Developers and Publishers are opening up new streams of revenue by monetizing their downloads.

The download process is an under-utilized source of income for software developers and publishers. This chapter in the Academy will explain the importance of monetizing downloads, and how software delivery platforms optimize delivery for developers, publishers, and users.

What Does it Mean to ‘Monetize a Download’?

Monetizing a download means to create revenue during a software installation. Revenue is generated when advertisers show their offers on installations. The key to this process is that the advertisers only pay when a user decides to add the advertised software to their current download. The user has another piece of software, and the advertiser has ‘acquired’ a new user. The publisher and the installation platform share the revenue from the advertiser in a pay per installation (PPI) model.

Why Should Publishers Monetize Downloads?

Better UX

Software developers and publishers are under pressure to walk the line between user experience and self-interested monetization. In-experience monetization typically includes banner ads, pop-ups, or freemium features such as purchases or upgrades to ‘premium’ member status.

In most cases, internal monetization works in direct opposition to user satisfaction. But if developers and publishers can’t make money from their software effectively, they don’t have the means to build them in the first place.

This is a fundamental conflict that runs throughout all discussions of digital advertising, but in general, legitimate software companies are interested in maintaining a positive, long-term relationship with their users. As a result, developers are always looking for that perfect intersection between profitability and usability.

Finding the Sweet Spot

Users tend to respond negatively to in-software advertisements (if they respond at all). By monetizing downloads, developers and publishers are under less pressure to advertise within their software, thereby improving the user experience.

Monetizing downloads provides an ideal middle ground for both creators and consumers. Users are accustomed to waiting during installations–ads inside the installation are generally not considered intrusions when compared to traditional ad types like interstitials. The download process falls outside of what is typically considered ‘the user experience’. Serving advertisements during this brief period helps maintain the delicate balance of paying developers and publishers, while not muddying UX.

The Advertiser Side

Gathering an Audience

What is the value of a single free user?

This question sounds a bit paradoxical, doesn’t it? But don’t overlook it; the information contained in this inquiry forms the basis of the pay per installation revenue model, and most of the online software industry as a whole.

The trend in the software industry is moving steadily towards favoring freemium software. As the availability of high quality software increases, users are less willing to make an initial payment.

So the obvious question arises, how do software companies make money? Of course, if you’re reading this article, you know that for software publishers we recommend monetizing the download, but for an advertiser the story is slightly more complicated.

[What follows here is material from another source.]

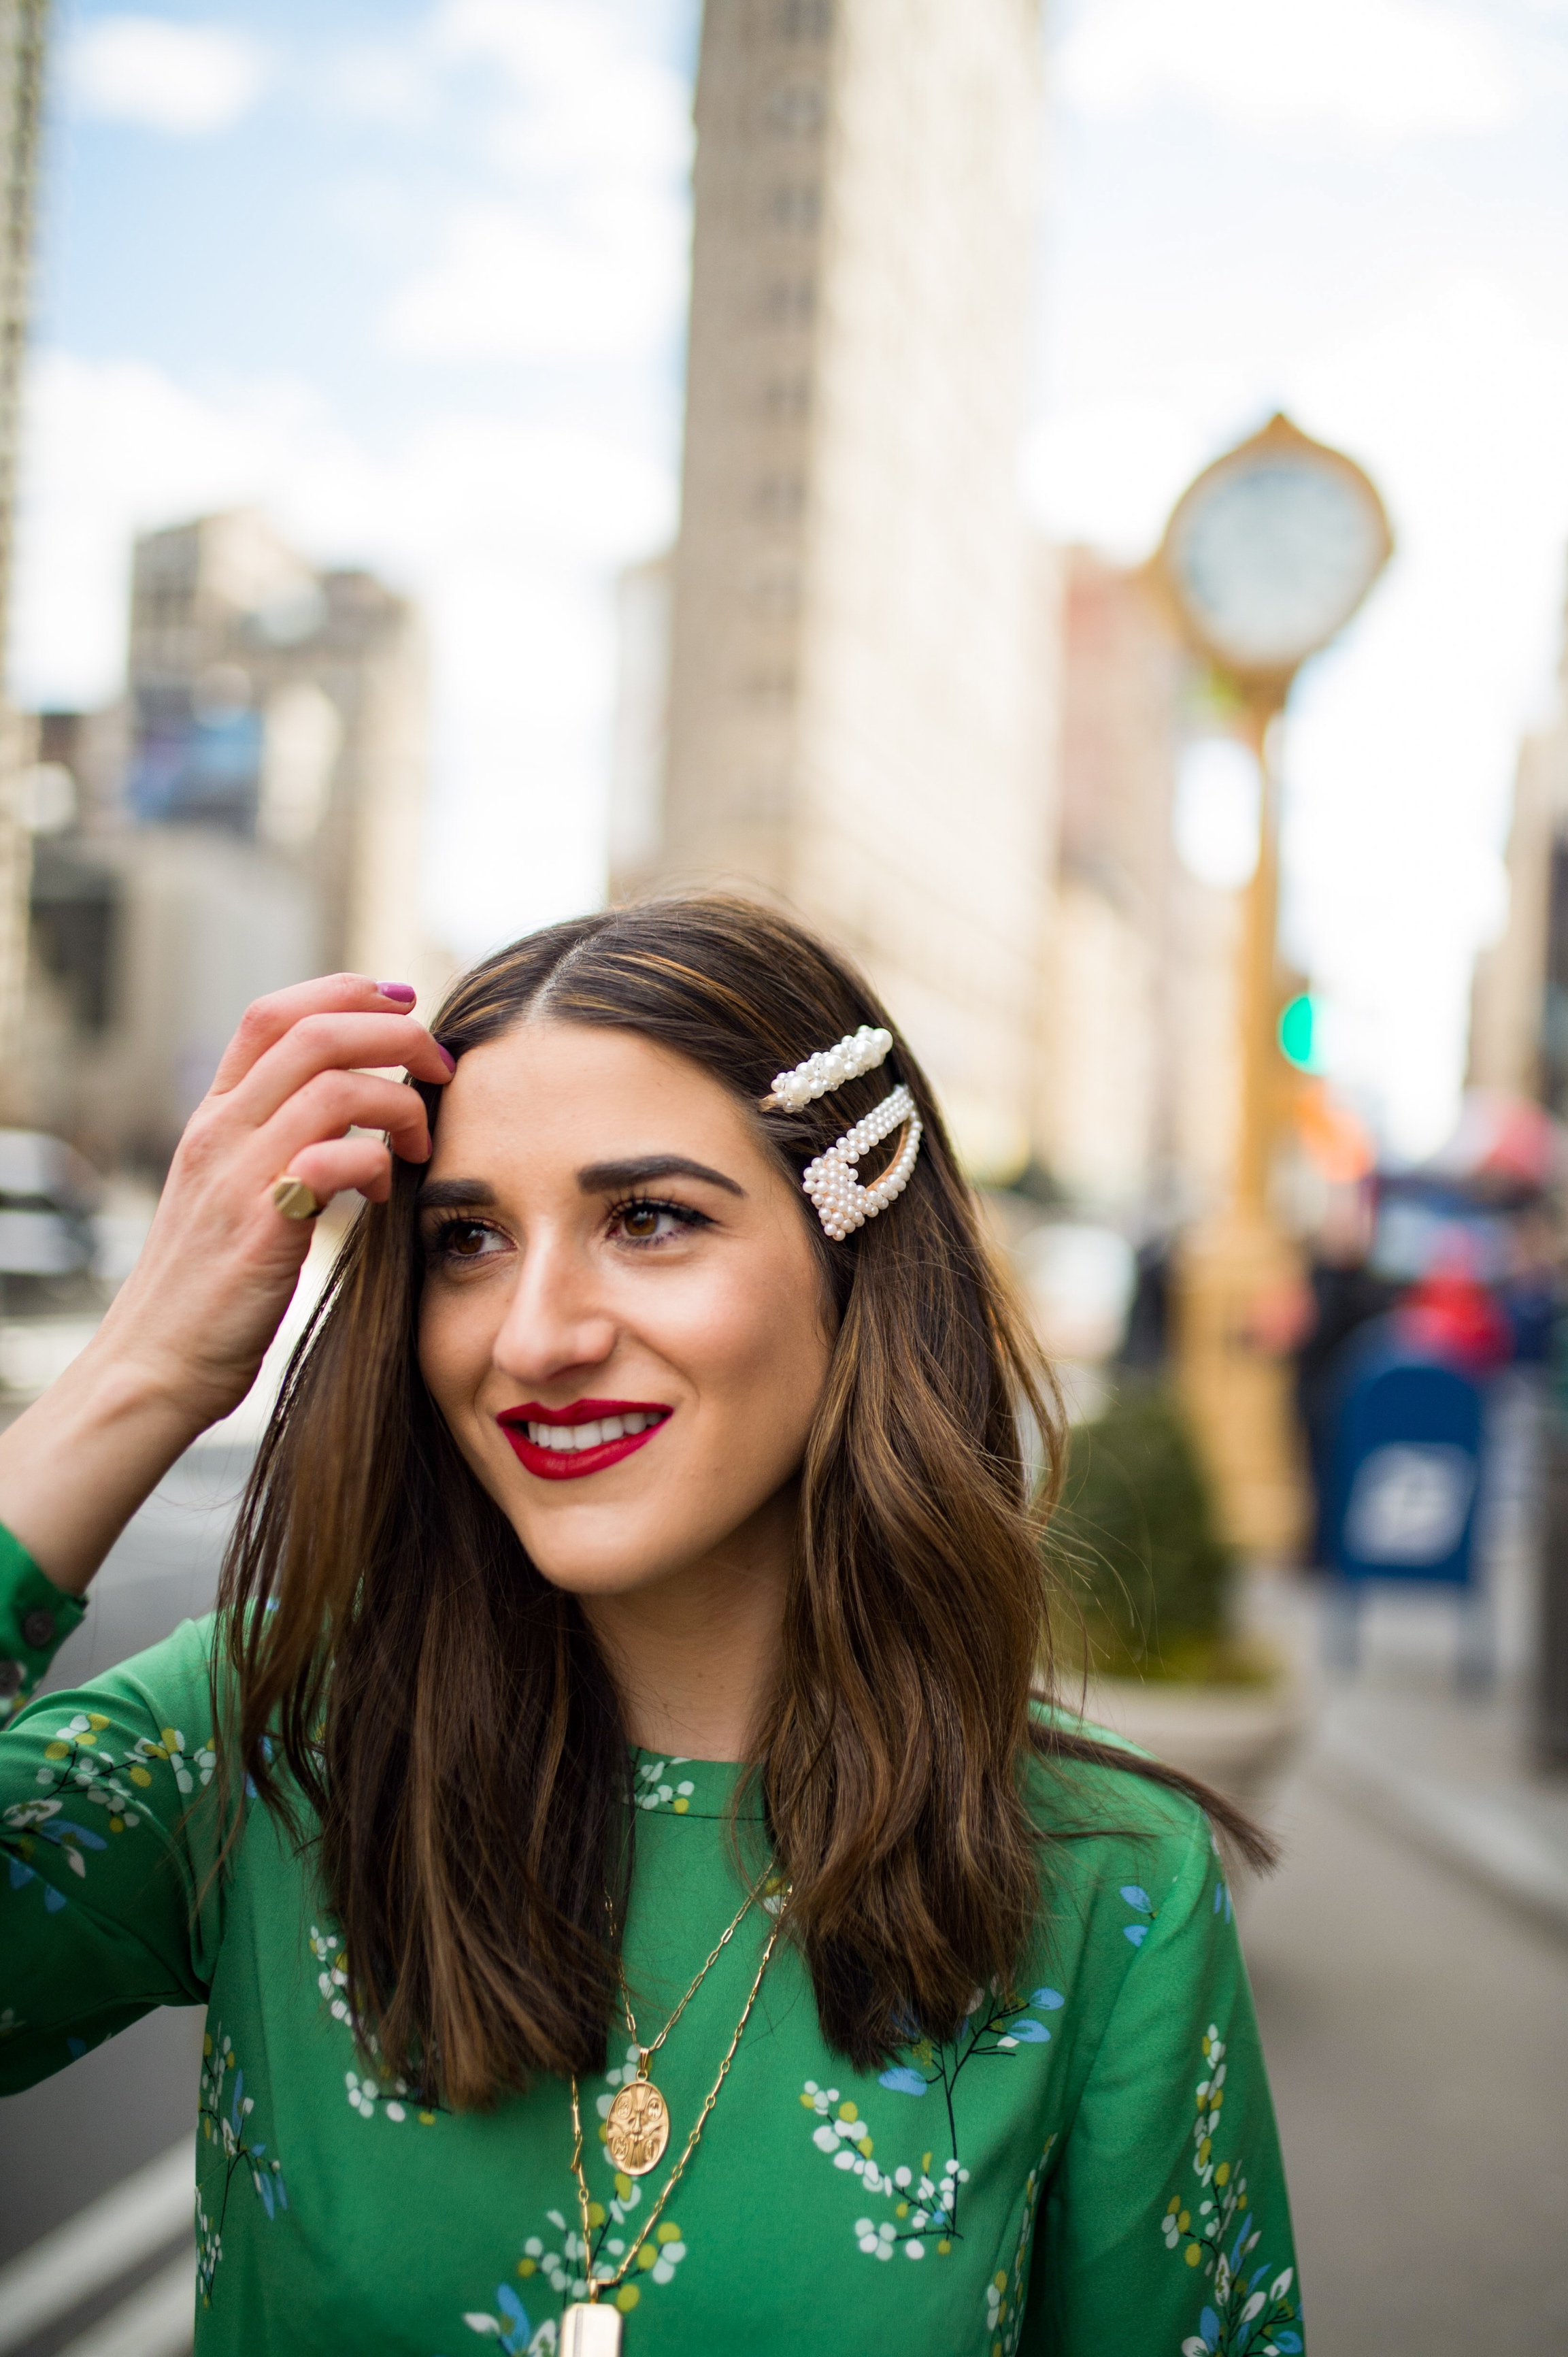 Fresh Cut And Color Sharon Dorram Color at Sally Hershberger Esther Santer Fashion Blog NYC Street Style Blogger Outfit OOTD Trendy Shop Balayage Honey Highlights New York City Upscale Salon Green Floral Dress Spring Pearl Barrettes Hair  Accessories.JPG

Once a user has installed free software, there are two primary ways in which they can monetize the user. One is by serving ads during the software user experience, putting the software in the category of adware. Although the term carries a less-than-perfect connotation, it still implies using banner displays (the world’s most ubiquitous form of advertising) and it allows the developers to put food on the table. In this case it is in the developers’ best interest to have the user spend a lot of time on the software, as they are paid each time they can show an ad. More usage, more time for ads.

The second way is through upgrades or in-software purchases. The free software in this category is often referred to as ‘freemium’ because although some of the basic features are free, to get the full value of the software you need to pay a fee.

It is also common to see a combination of both methods–in some cases a perk of upgrading might be that the software stops showing you ads.

There is no shortage of creative methods for monetizing, but a sound strategy and reliable measurement in this stage is critical to turning a profit. Even minute changes in appearance and UX can have a drastic impact on the fate of your software.

So now that we have some strategies for monetizing users after they have the software installed on their device, let’s determine the price we are willing to pay for each download.

How to Calculate the Value of a Single Free User

For the sake of simplicity, let’s say the example software only monetizes through a paid upgrade. To calculate PPI, we first need to determine the value of a single free user. To do this, we take the number of paid users, divide this number by the total number of installations, and then multiply that figure by the profit generated from one user.

For example, let’s say your product gets installed 1,000 times, 15 users upgraded, and the profit from each upgrade was $20. So,

15 (upgrades) / 1,000 (installations) = .015 (average upgrades per installation)

And then,

.015 (average upgrades per installation) x 20 ($ profit for each upgrade) = .3 (value of a single free user)

Easy, right?

Calculating PPI

Now that we know the average amount of value for each free user ($.30 in our example), we can figure out our PPI, or in other words, how much we as advertisers are willing to pay for a free user through a software download.

At the end of the day, to make free software profitable, companies must surpass the point where they are making more revenue from their free users than it costs to acquire them.

This concept runs through all advertising mediums, and it is particularly pronounced in the online market where analytics are so precise.

So if we know our value for a single free user is $.30, then logically we would be willing to pay anything up to $.30 for each installation. The further below $.30 that we can pay for each user, the more profit we’ll earn.


As you can imagine, advertisers want to pay less for each installation, while publishers want to be paid more. Part of the job of an installation platform is to mediate between these two forces to come up with a sustainable, profitable system.